YOUR TASK:
The data below should be transcribed in full, with no picture included.

DATA SECTION:
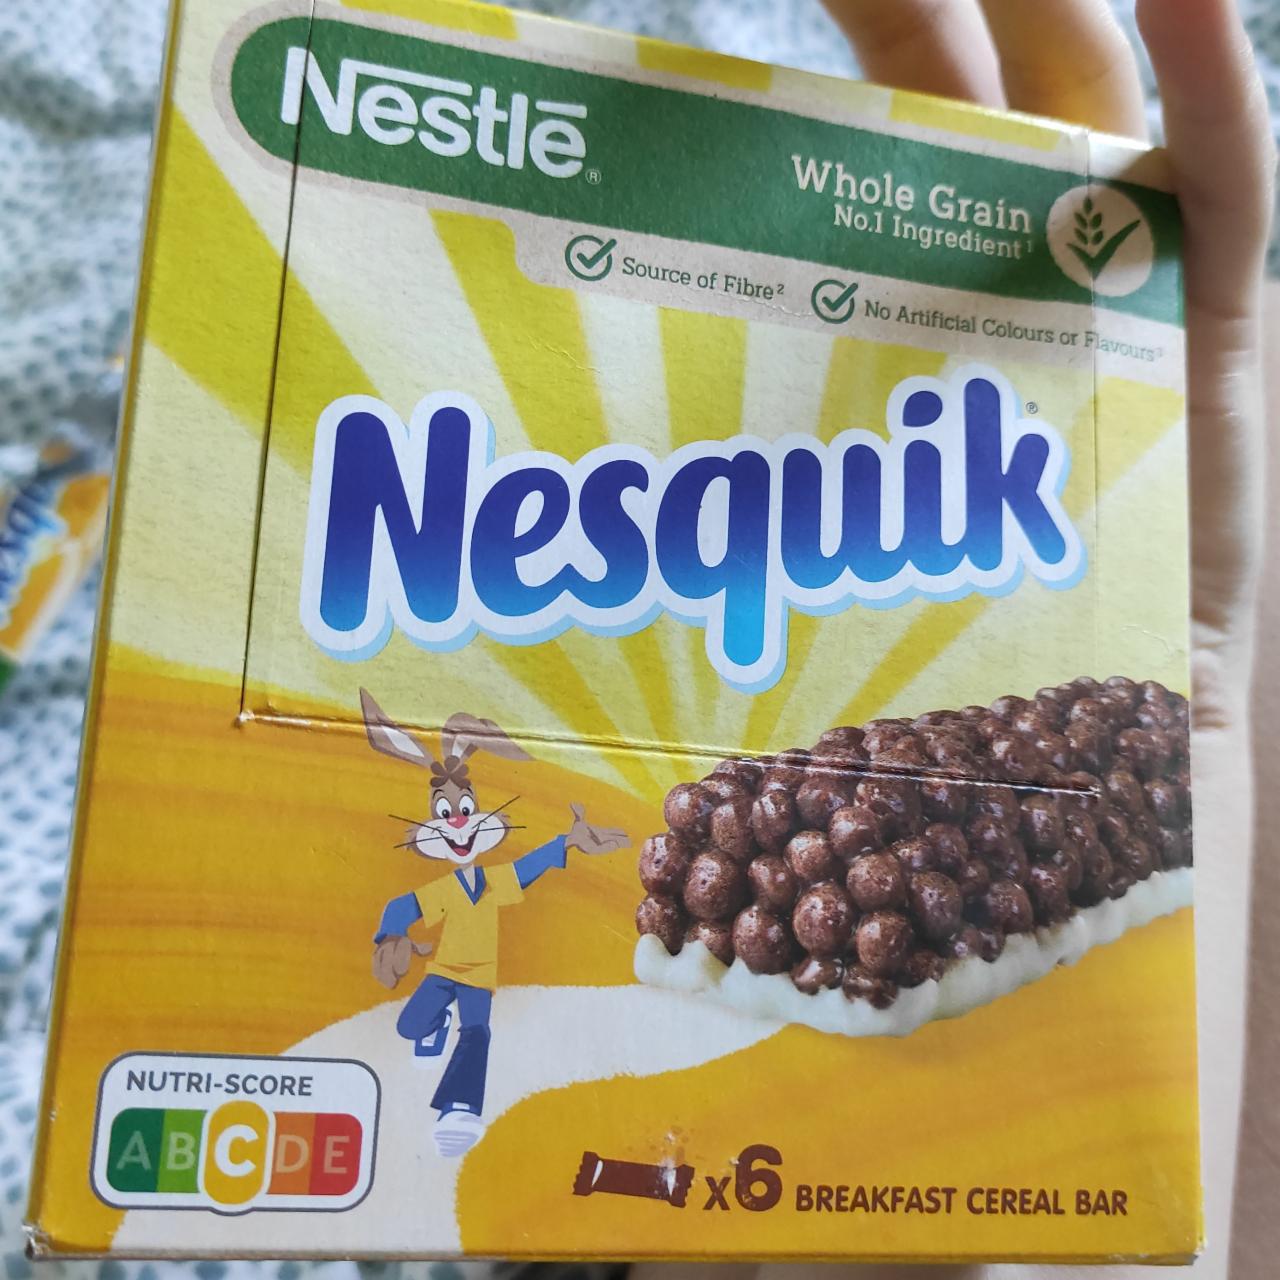 Фото - батончик цельноезрновой завтрак с молочной основой несквик Nestlé
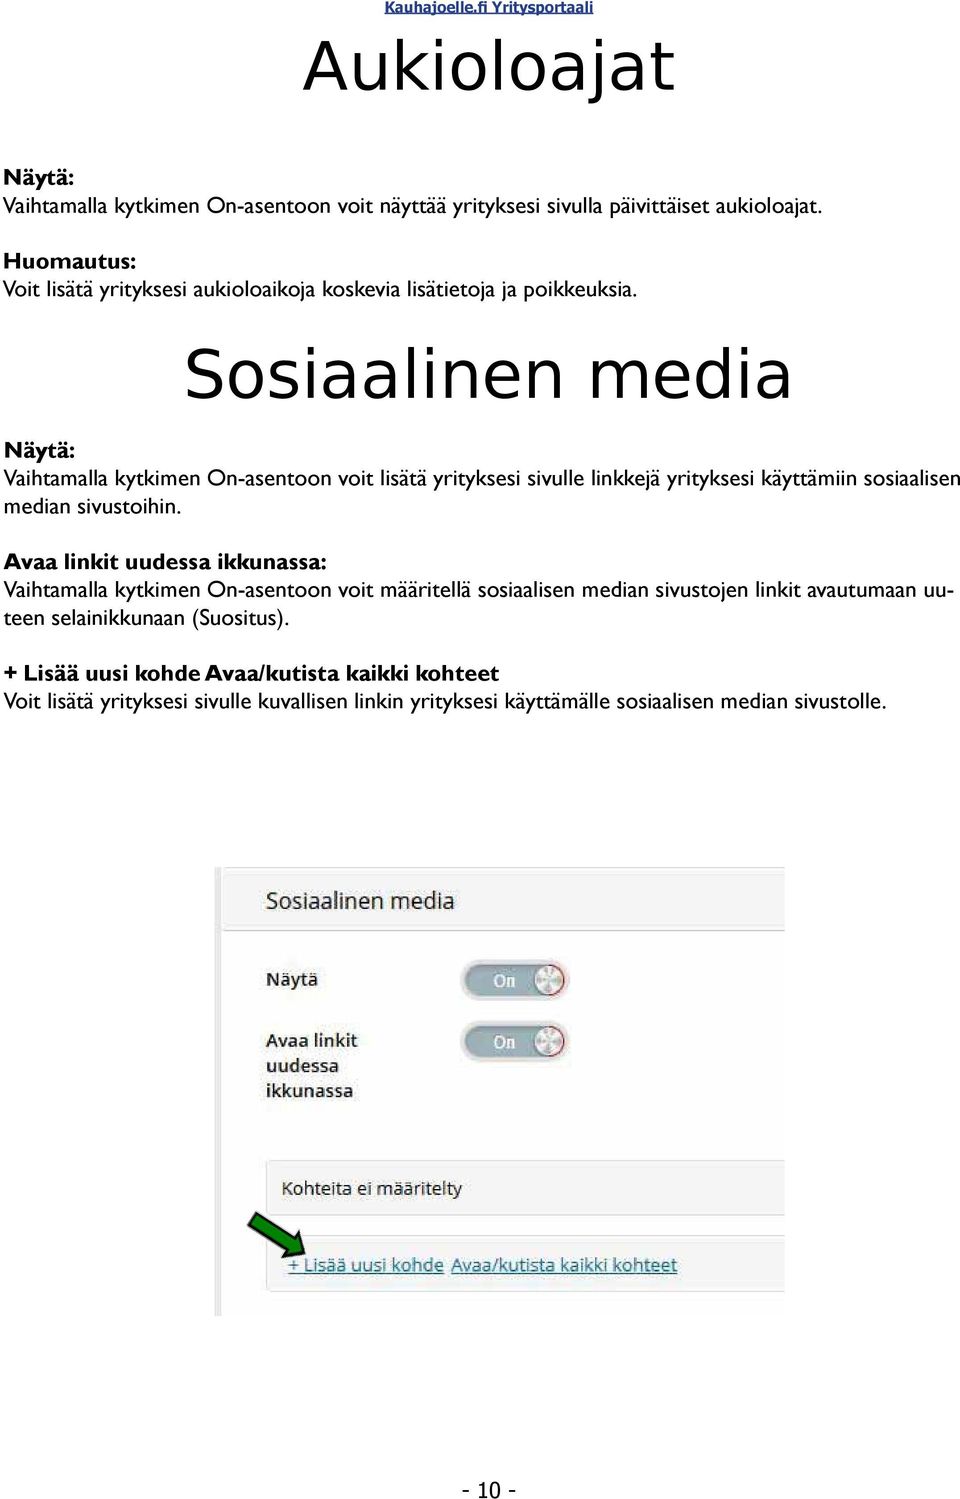 Sosiaalinen media Näytä: Vaihtamalla kytkimen On-asentoon voit lisätä yrityksesi sivulle linkkejä yrityksesi käyttämiin sosiaalisen median sivustoihin.
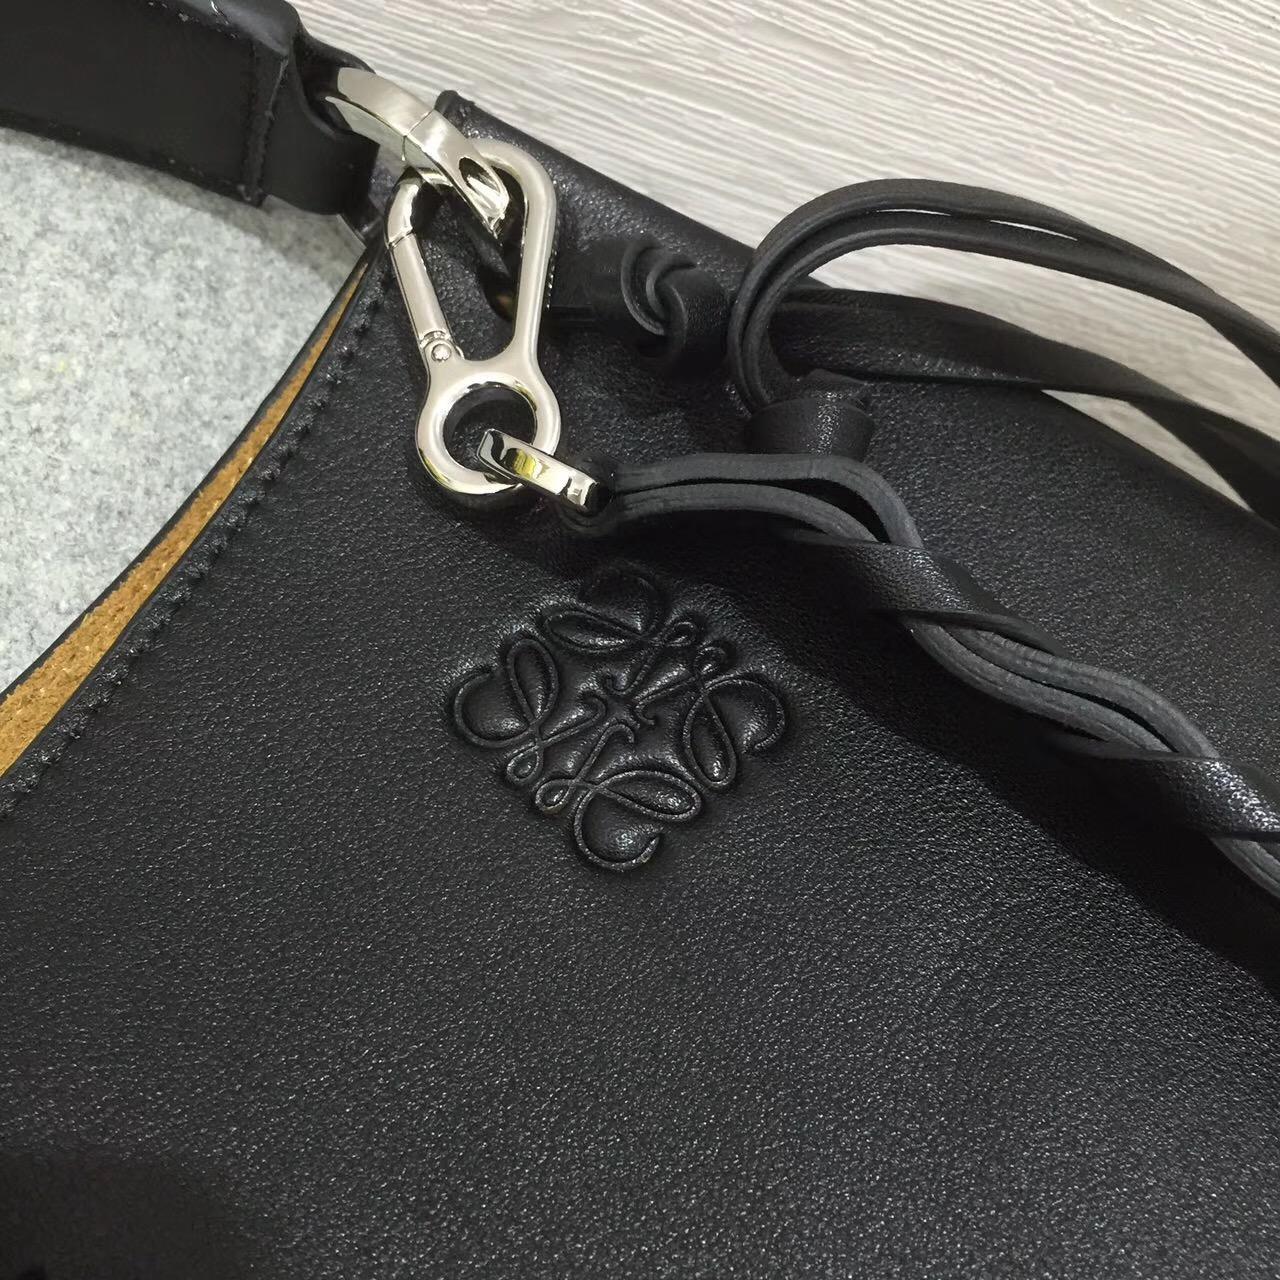 羅意威 Loewe Fortune hobo bag系列限量版半月包 黑色進口細紋小牛皮
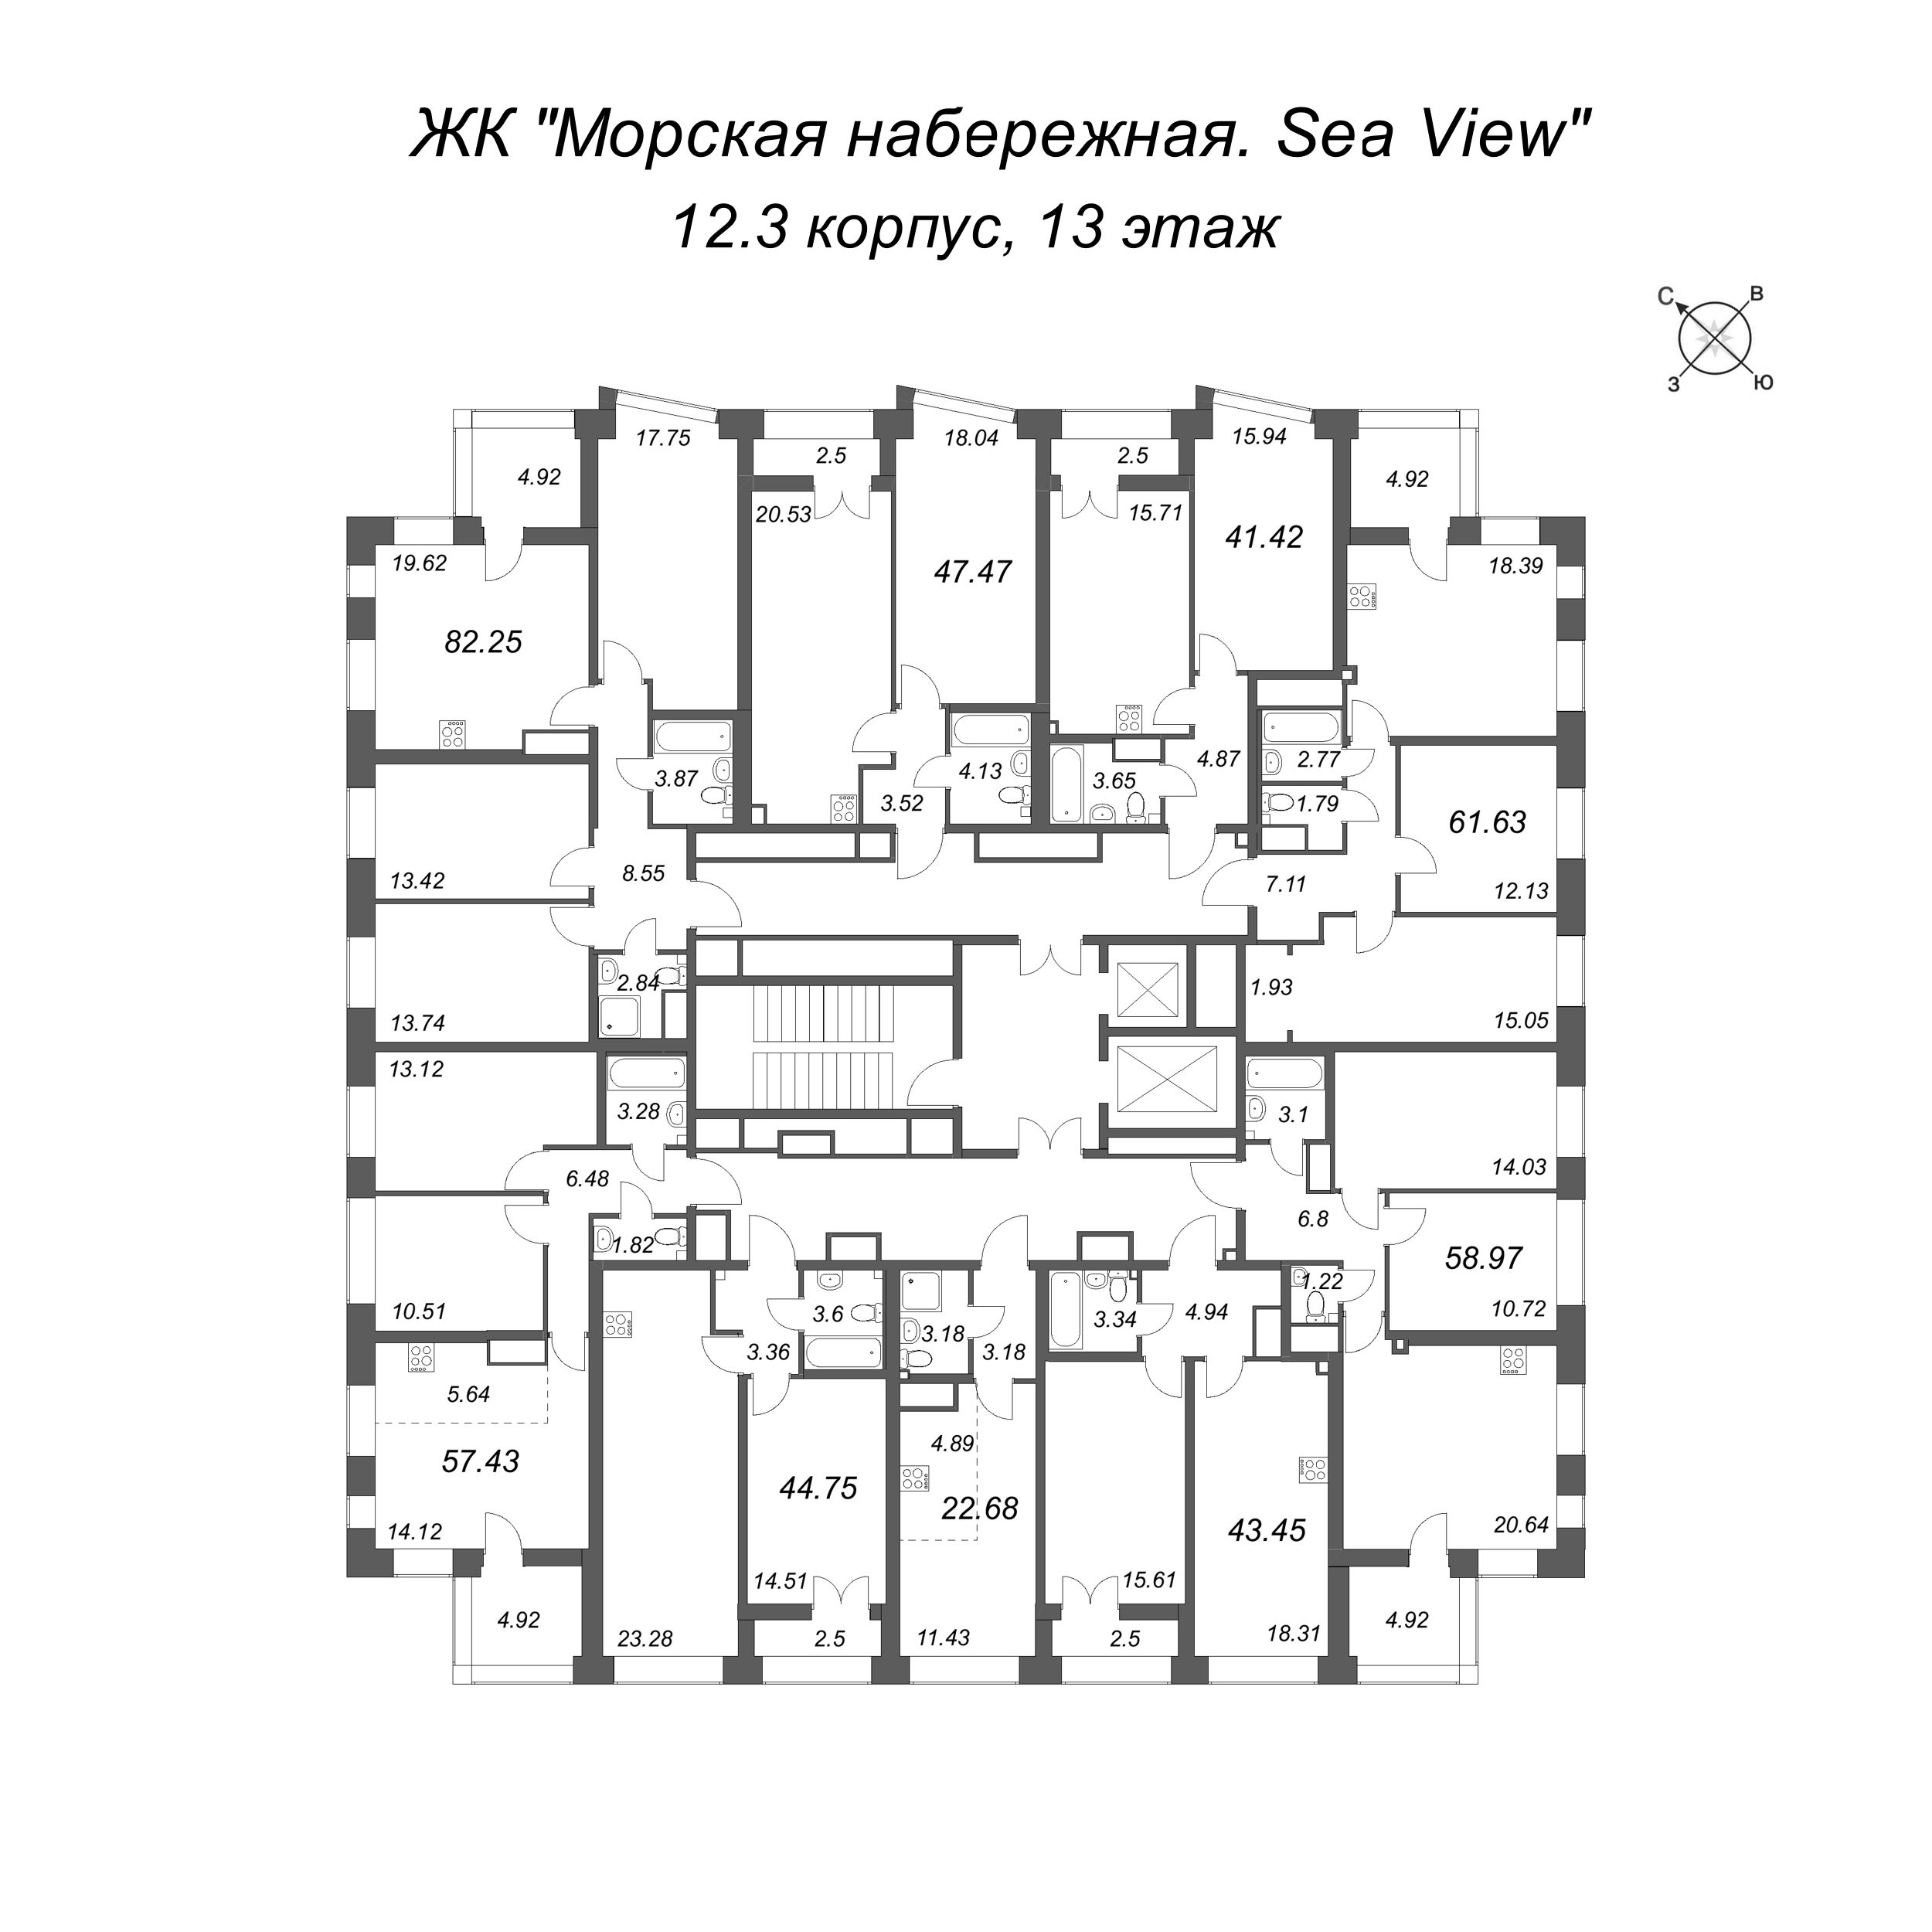 4-комнатная (Евро) квартира, 82.25 м² в ЖК "Морская набережная. SeaView" - планировка этажа

SOLUTION BELOW:
 Фото - батончик цельноезрновой завтрак с молочной основой несквик Nestlé
 Sosiaalinen media Näytä: Vaihtamalla kytkimen On-asentoon voit lisätä yrityksesi sivulle linkkejä yrityksesi käyttämiin sosiaalisen median sivustoihin.
 羅意威 Loewe Fortune hobo bag系列限量版半月包 黑色進口細紋小牛皮
 4-комнатная (Евро) квартира, 82.25 м² в ЖК "Морская набережная. SeaView" - планировка этажа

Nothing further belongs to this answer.